=== What the task asks ===
Exclude images; transcribe the rest of the data exactly.

=== Dataset excerpt ===
-------
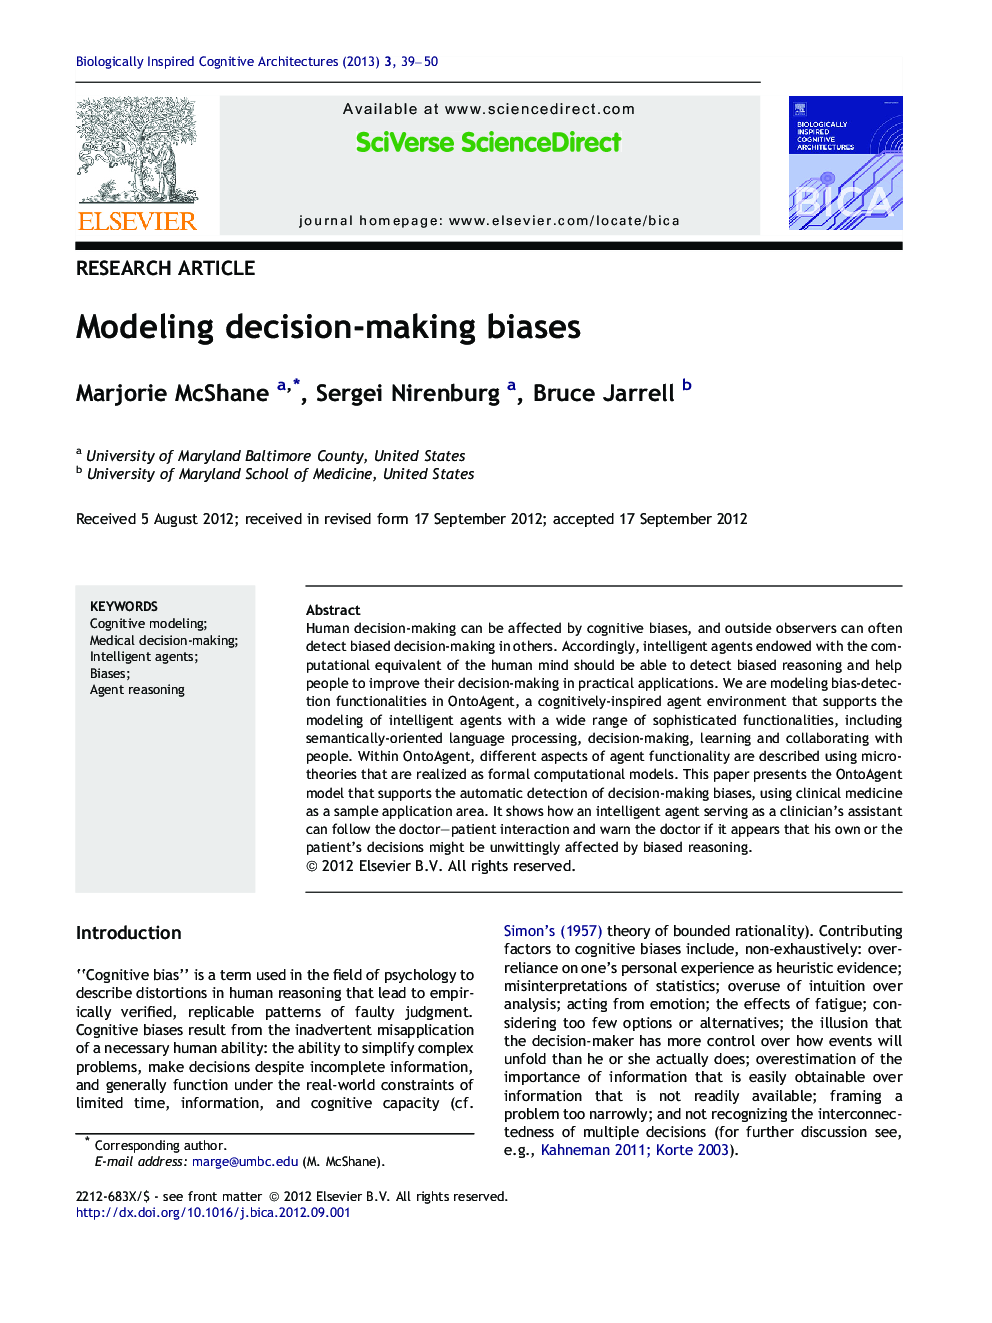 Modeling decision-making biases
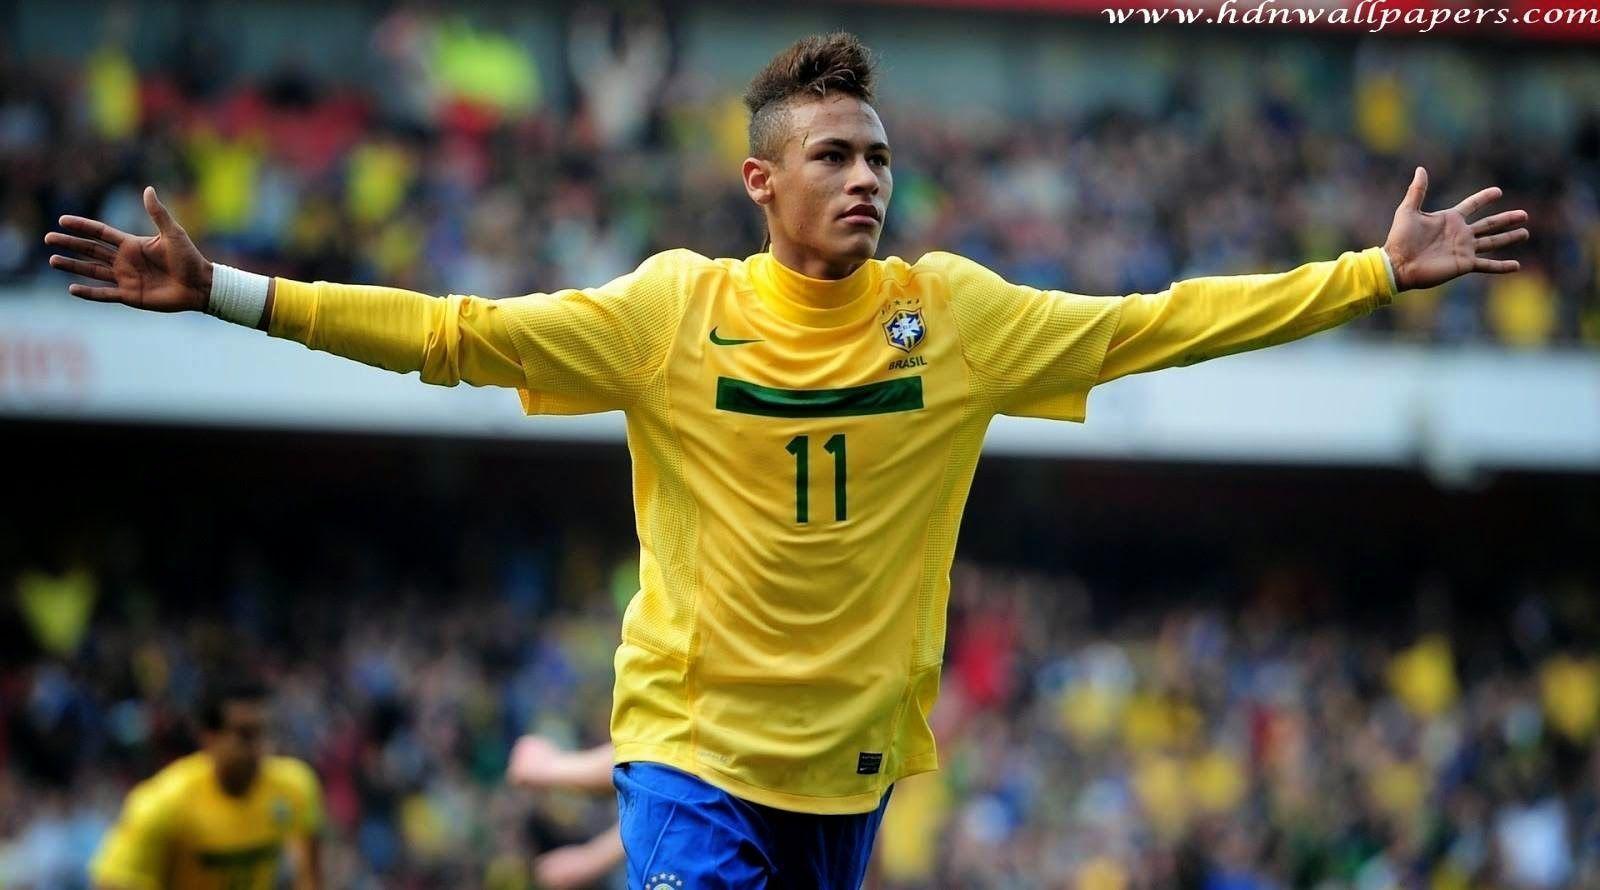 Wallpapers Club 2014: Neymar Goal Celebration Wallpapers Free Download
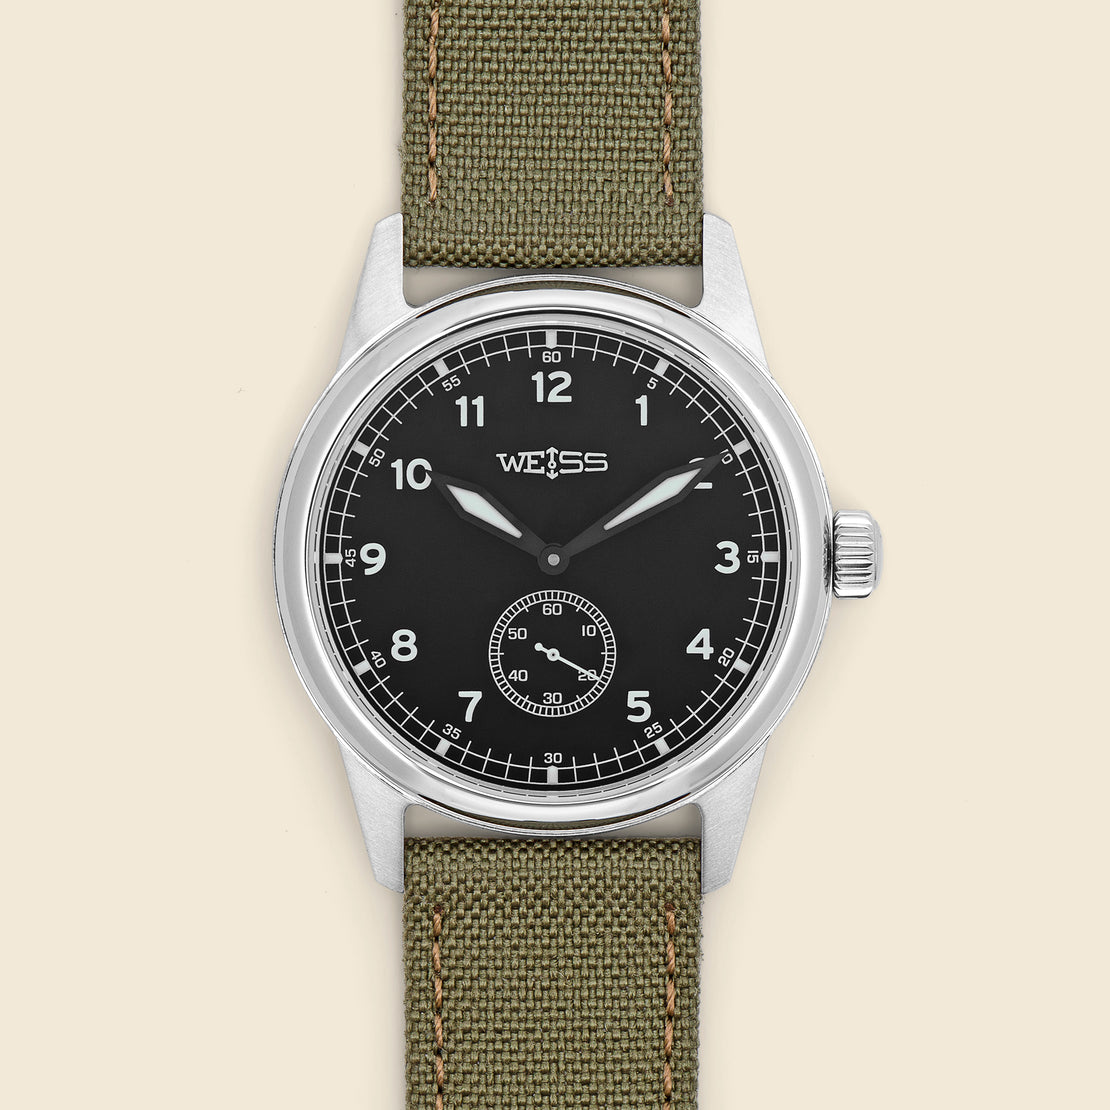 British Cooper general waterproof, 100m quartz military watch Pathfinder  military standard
-------
=== Answer for this exercise ===
 Modeling decision-making biases
 Wallpapers Club 2014: Neymar Goal Celebration Wallpapers Free Download
 British Cooper general waterproof, 100m quartz military watch Pathfinder  military standard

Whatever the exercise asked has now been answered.